The native runner now owns the guarded status, claim, `dfx` execution, marking,
and summary behavior.
Emit the full next transitionable operation for an external runner:
```bash
canic restore apply-next \
--journal restore-apply-journal.json \
--out restore-apply-next.json
```
Preview the `dfx` command for the next transitionable operation without
executing it:
```bash
canic restore apply-command \
--journal restore-apply-journal.json \
--network local \
--out restore-apply-command.json \
--require-command
```
Use `--dfx <path>` when the runner should preview a non-default `dfx` binary.
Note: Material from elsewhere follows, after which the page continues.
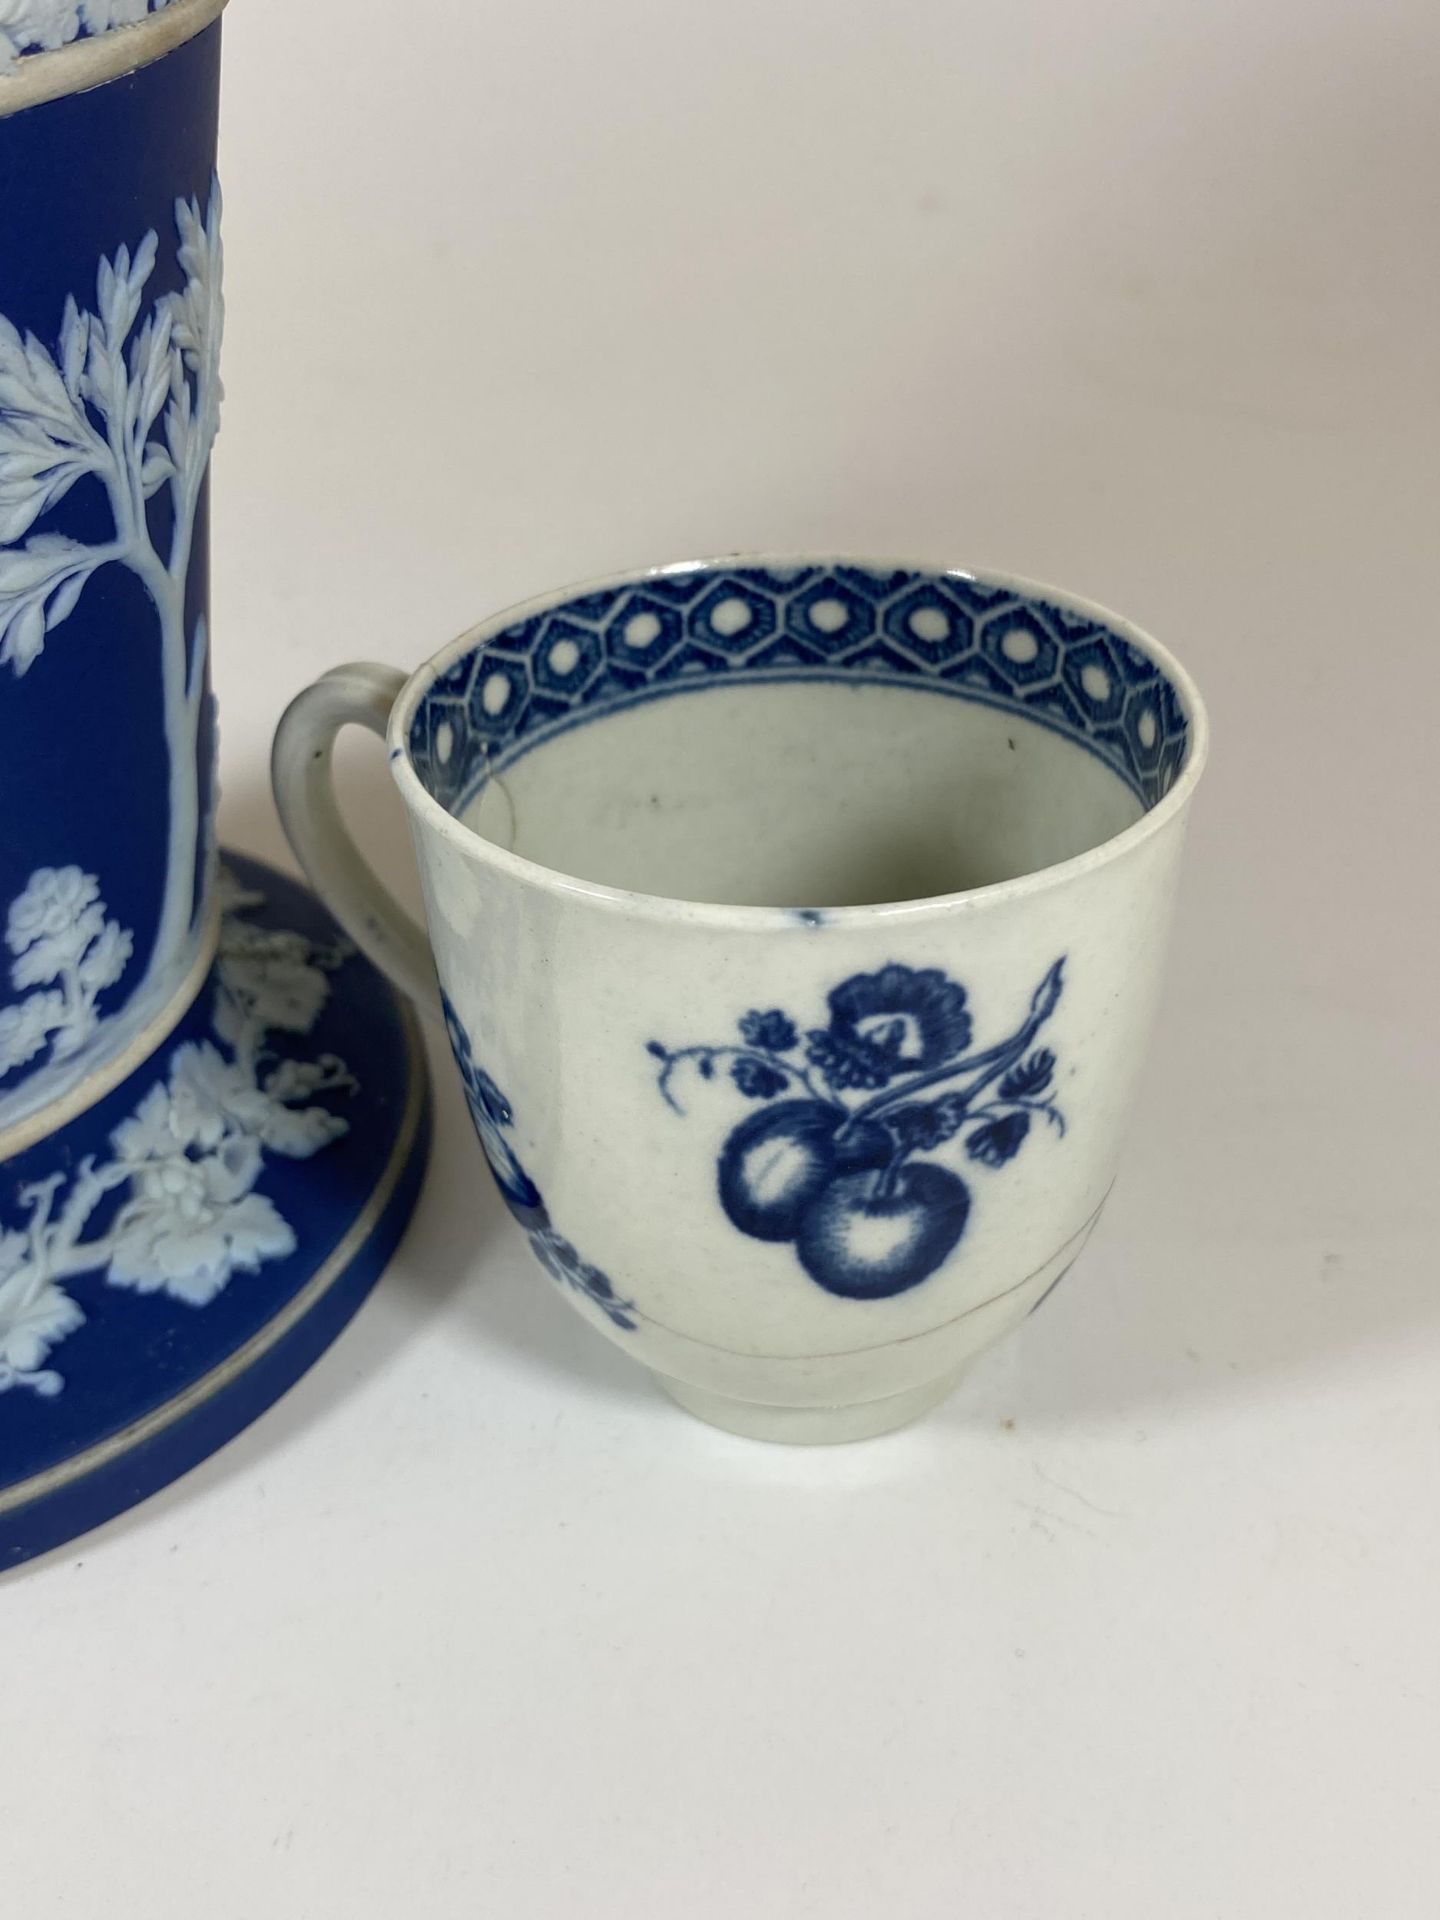 TWO ITEMS - A 19TH CENTURY WEDGWOOD JASPERWARE DIP VASE AND 18TH CENTURY WORCESTER BLUE AND WHITE - Image 3 of 5

Use `--require-command` when scripts should fail after writing the preview if no
executable operation is available.
Claim the next operation before executing it in an external runner:
```bash
canic restore apply-claim \
--journal restore-apply-journal.json \
--sequence 0 \
--updated-at 2026-05-04T12:00:00Z \
--out restore-apply-journal.json
```
Claiming marks the next ready operation `pending`. Pending operations remain the
next transitionable operation until `apply-mark` records them as completed or
failed, which lets interrupted runners resume from the same journal. Use
`--sequence <n>` to fail if the next transitionable operation no longer matches
the operation the runner previewed. Use `--updated-at <text>` to record a
runner-provided state marker; when omitted, the CLI writes `unknown`.
Release the current pending operation back to ready when a runner stopped before
executing it:
```bash
canic restore apply-unclaim \
--journal restore-apply-journal.json \
--sequence 0 \
--updated-at 2026-05-04T12:01:00Z \
--out restore-apply-journal.json
```
Use `--sequence <n>` with `apply-unclaim` when recovery scripts should only
release the pending operation they inspected.
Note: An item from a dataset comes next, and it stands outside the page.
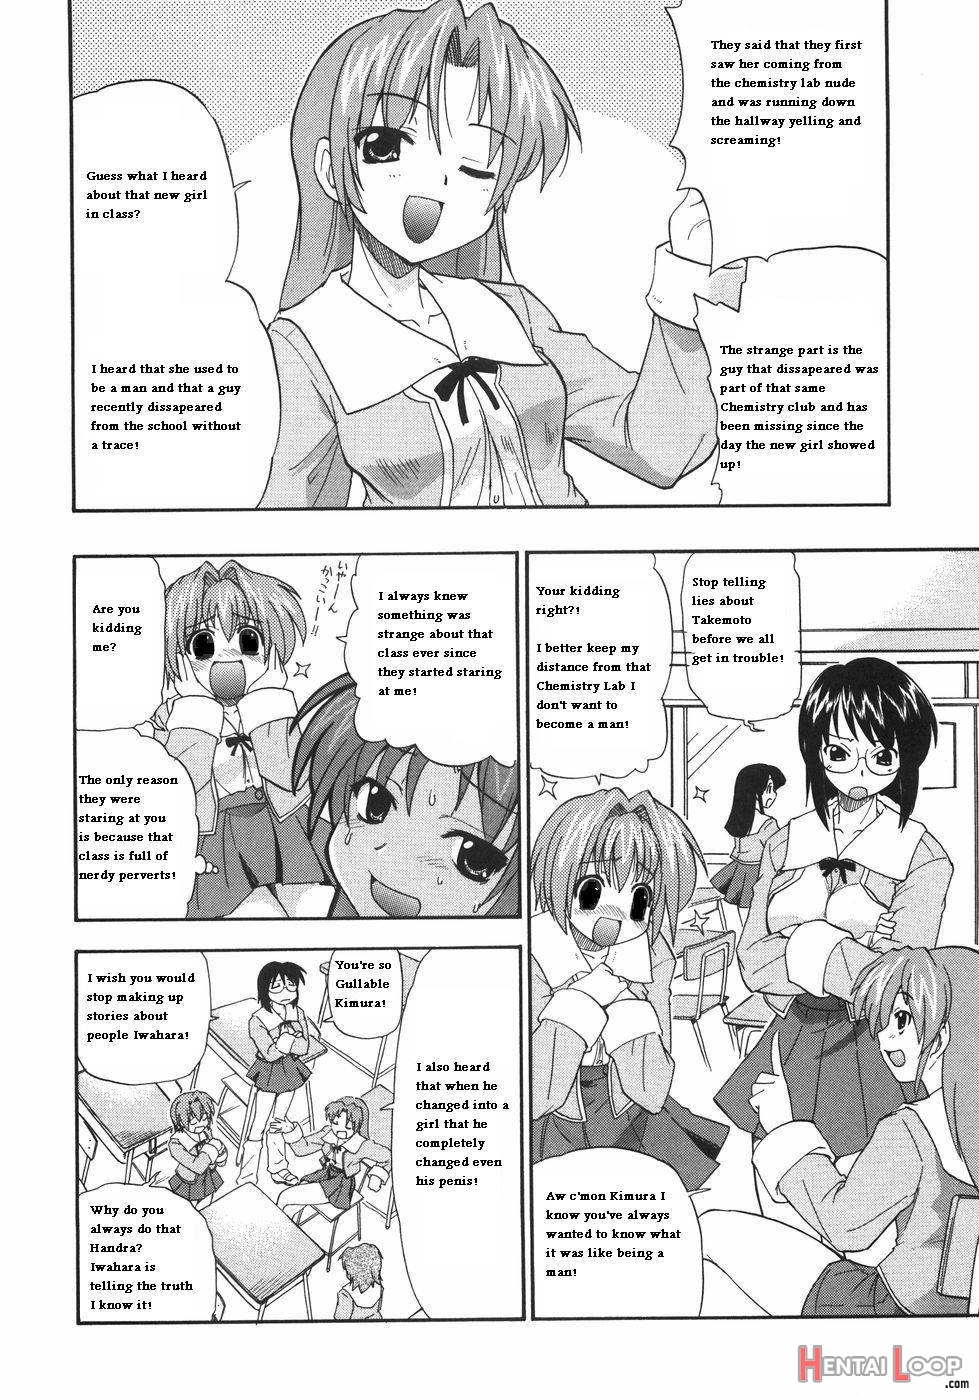 The New Girl page 2

Mark one journal operation after an external restore step completes or fails:
```bash
canic restore apply-mark \
--journal restore-apply-journal.json \
--sequence 0 \
--state completed \
--updated-at 2026-05-04T12:02:00Z \
--out restore-apply-journal.json \
--require-pending
```
Use `--state failed --reason <text>` to record a failed operation. The command
validates the input journal, refuses to skip earlier ready operations, refreshes
operation counts, and writes the updated journal without executing any restore
mutation. Use `--require-pending` when runners should only mark operations that
were claimed first.
Example external restore runner loop:
```bash
set -euo pipefail
journal=restore-apply-journal.json
network=local
while true; do
canic restore apply-status \
--journal "$journal" \
--out restore-apply-status.json \
--require-ready \
--require-no-pending \
--require-no-failed
if canic restore apply-status \
--journal "$journal" \
--out restore-apply-status.json \
--require-complete; then
break
fi
canic restore apply-command \
--journal "$journal" \
--network "$network" \
--out restore-apply-command.json \
--require-command
sequence="$(jq -r '.operation.sequence' restore-apply-command.json)"
canic restore apply-claim \
--journal "$journal" \
--sequence "$sequence" \
--updated-at "$updated_at" \
--out "$journal"
eval "$command"
canic restore apply-mark \
--journal "$journal" \
--sequence "$sequence" \
--state completed \
--updated-at "$(date -u +%Y-%m-%dT%H:%M:%SZ)" \
--out "$journal" \
--require-pending
done
```
If the runner stops after claiming work but before executing the previewed
command, inspect `restore-apply-status.json` and use `apply-unclaim --sequence
<n>` to release the pending operation back to `ready`.